QThere are more and more countries beginning to ban gmos due to various reasons, cross pollination to natural crops, health risks and risk to the economy due to putting the small non gmo farmers out of business. How does Monsanto feel about this.

There are more and more countries beginning to ban gmos due to various reasons, cross pollination to natural crops, health risks and risk to the economy due to putting the small non gmo farmers out of business. How does Monsanto feel about this.

AExpert Answer

I have seen some quotes on the Internet that state, “In more than 60 countries around the world, including Australia, Japan, and all of the countries in the European Union, there are significant restrictions or outright bans on the production and sale of GMOs.”

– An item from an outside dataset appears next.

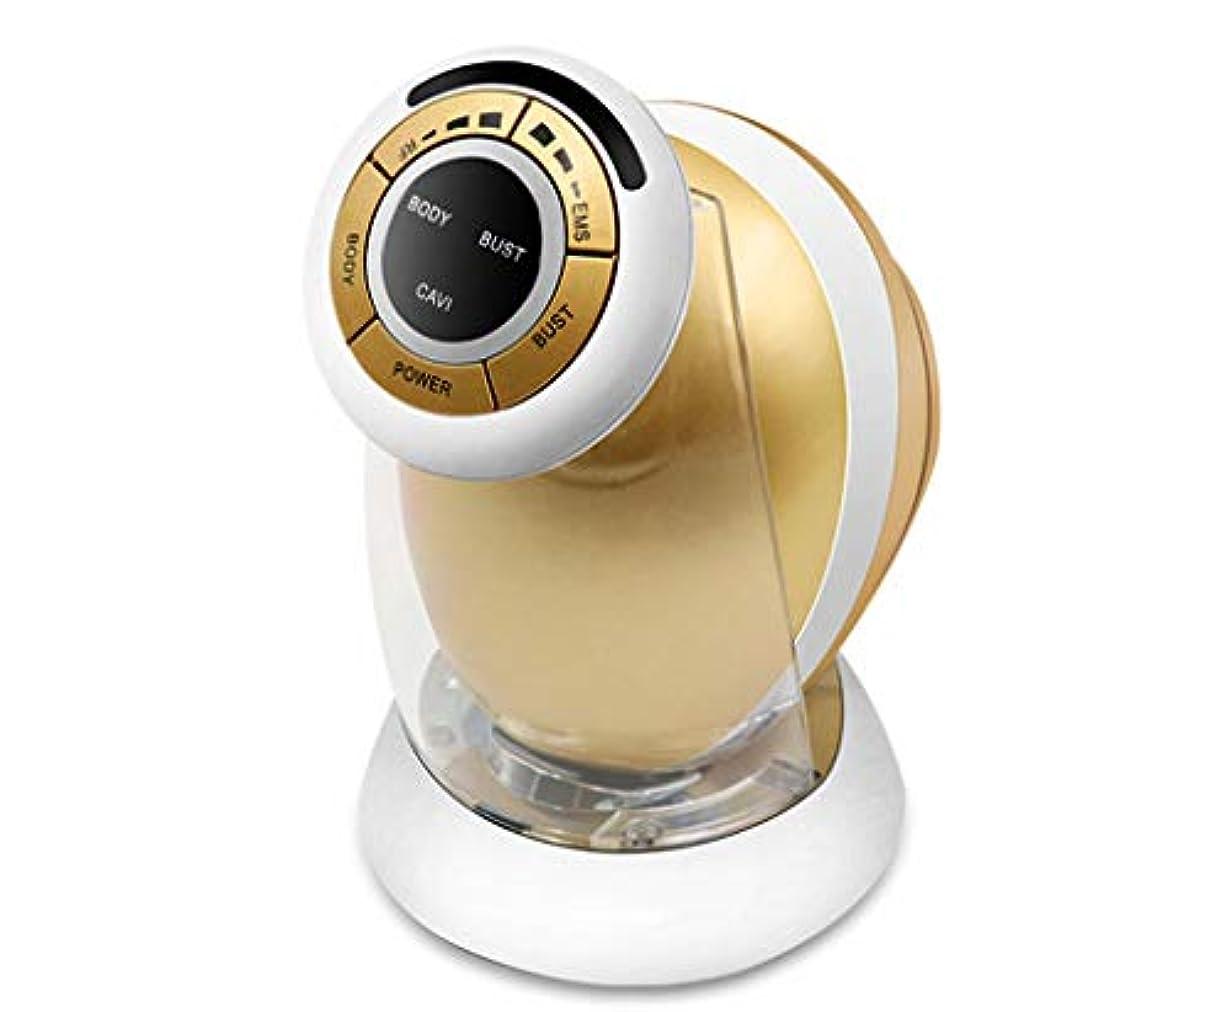 情熱速報レンダー体重減少計、携帯型減量装置、ボディマッサージスリミングマシン、セルライト除去用脂肪減量防水+充電式

The fact is that the number of countries that “ban” cultivation of GMOs is small. And many of those countries with limitations on GM planting still import significant amounts of food or feed that was produced from GM crops. (Check out the graphic on the “PUBLIC REVIEW” tab of this site to review detailed information on the status of GMO adoption worldwide.)


You’ll notice that several countries in the European Union (EU) have enacted bans on GMO cultivation, yet the EU Courts (both national and EU-wide) have consistently found that those bans are illegal since there is no scientific justification for the bans. Under EU law a ban can only be sustained if there is a scientific basis for harm. And, the few countries in the EU that have banned GM cultivation still import significant amount of food and feed derived from GM crops.